Our new CityBeat reporter, blessedly, chose Winston-Salem as home base for her residence — good for us because the lack of depth in our reporting there needs to be addressed. And a reporter, ideally, needs to live in the city they’re covering.

We benefit from what I call a “low cover charge” in the Triad, but I know my friends at altweeklies across the country are having problems finding housing in their respective cities. Years ago, when my friend Kevin Allmann was still editor of Gambit in New Orleans, he told me that if his rent in Mid City went up one more time he’d have to move to Arabi. Chris Faraone, editor of Dig Boston, told me that the only reason he could live inside city limits was because he got the crap kicked out of him by officers from the New York Police Department during the Occupy Wall Street days. They broke his arm, but the cash settlement with the department enabled him to buy a house in Boston. On the whole, he says it was a fair trade-off. The rest of his staff lives outside the city, when they’re not crashing at his place.

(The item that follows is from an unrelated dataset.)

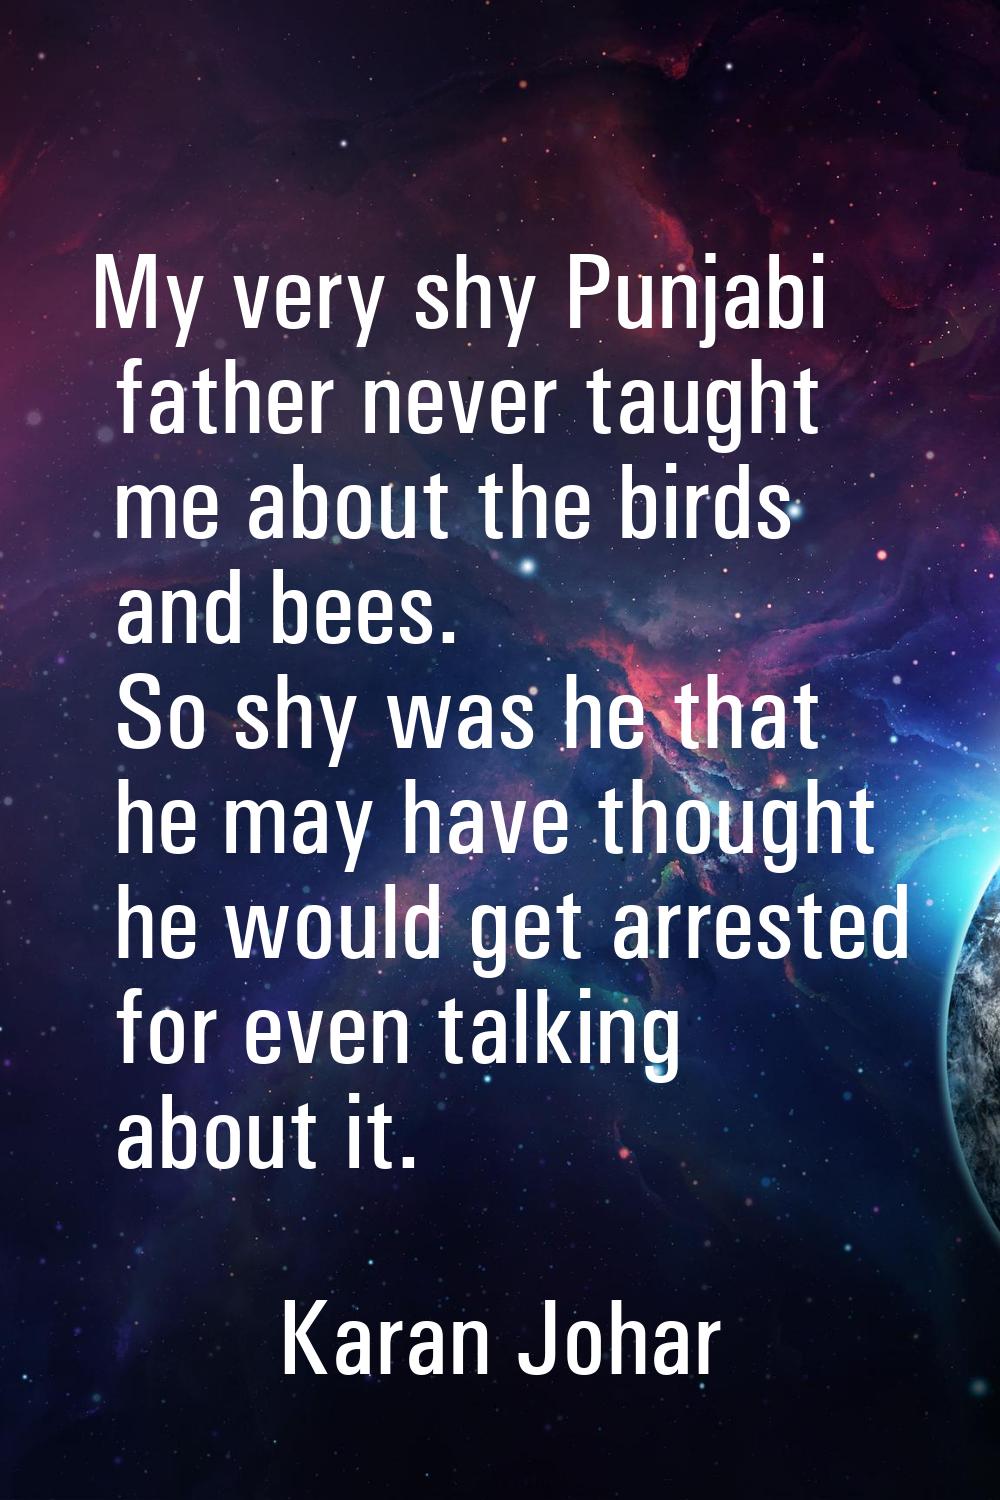 My very shy Punjabi father never taught me about the birds and bees. So shy was he that he may have
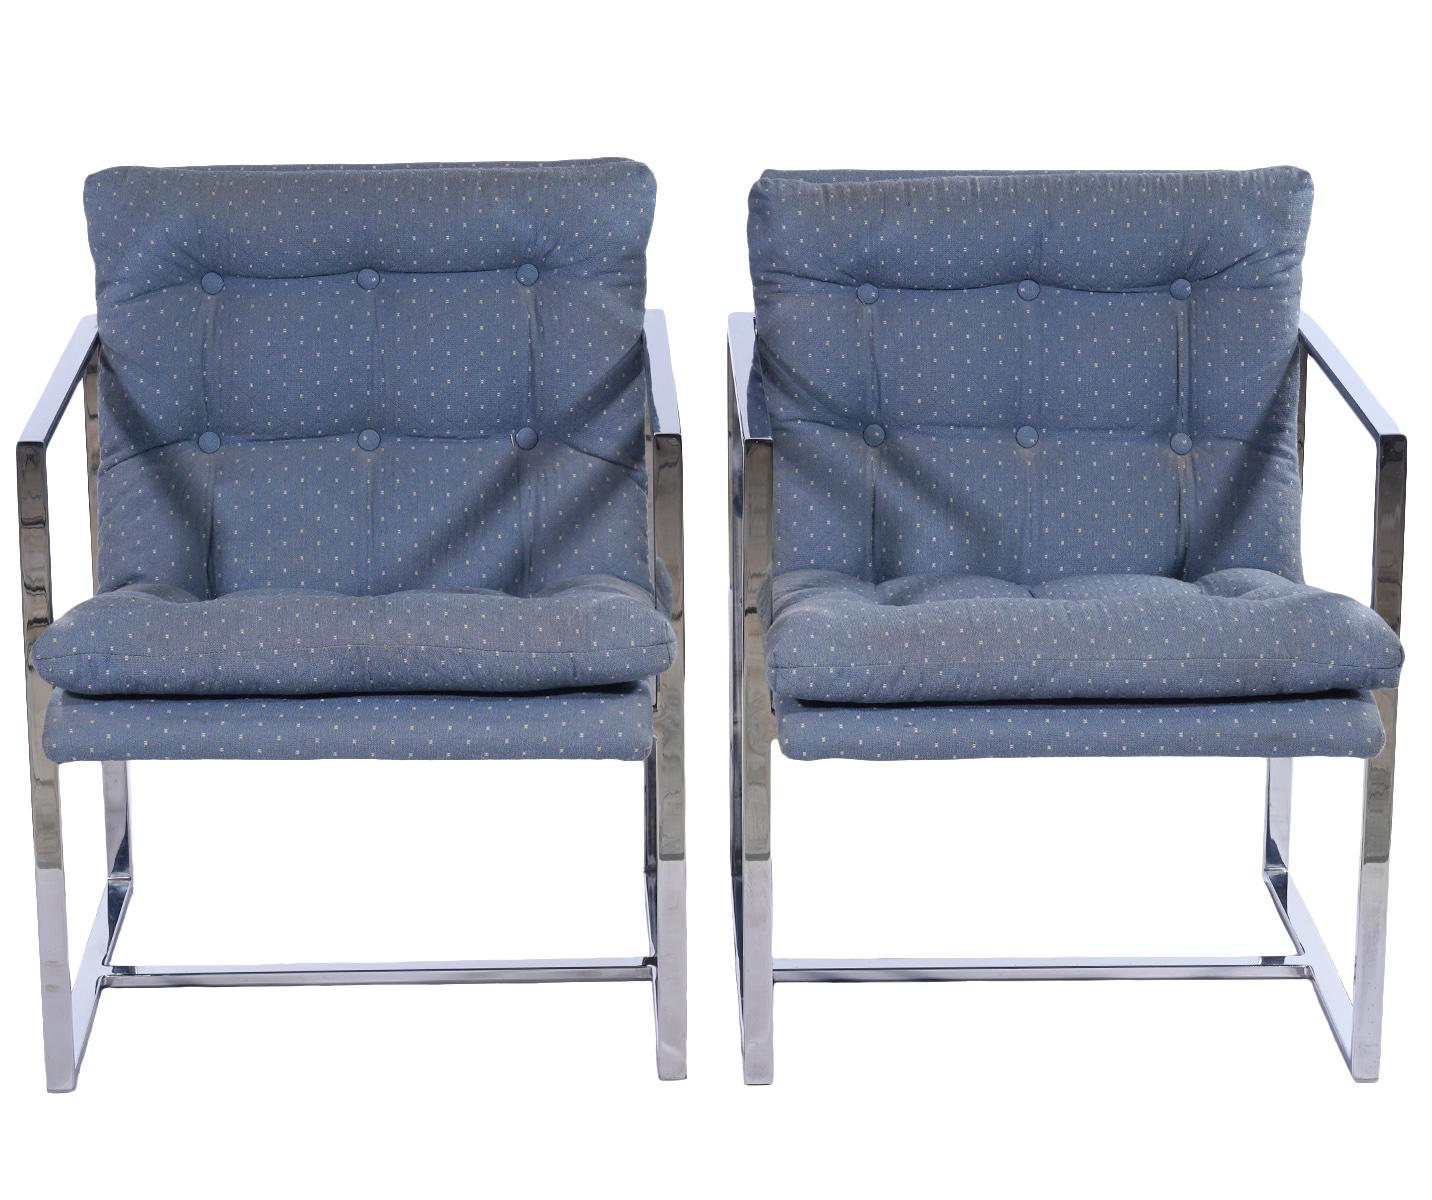 Pair of Milo Baughman style armchairs. Chrome frame with upholstered seat. Milo Baughman cube style design.

So it’s a special place she comes to in these early days of her journalism career: a city that’s vibrant, but with plenty of room to grow; a beat that’s underserved, allowing for big news breaks; job security, in that her salary is being covered by a nonprofit grant from the NC Local News Lab Fund. Not every young reporter can say such things.

And sure, she’s green right now — we all were when we first latched on. But she’ll learn soon enough about Monstercade, Bocanegra’s avant-garde temple of high weirdness, that it’s easier to get a table at Krankies than at Camino on Fourth Street, where to find the best free parking spots downtown and everything else the natives know.

There’s no better way to get to know a city than to be a reporter working in it. At least, that’s how it happened for me.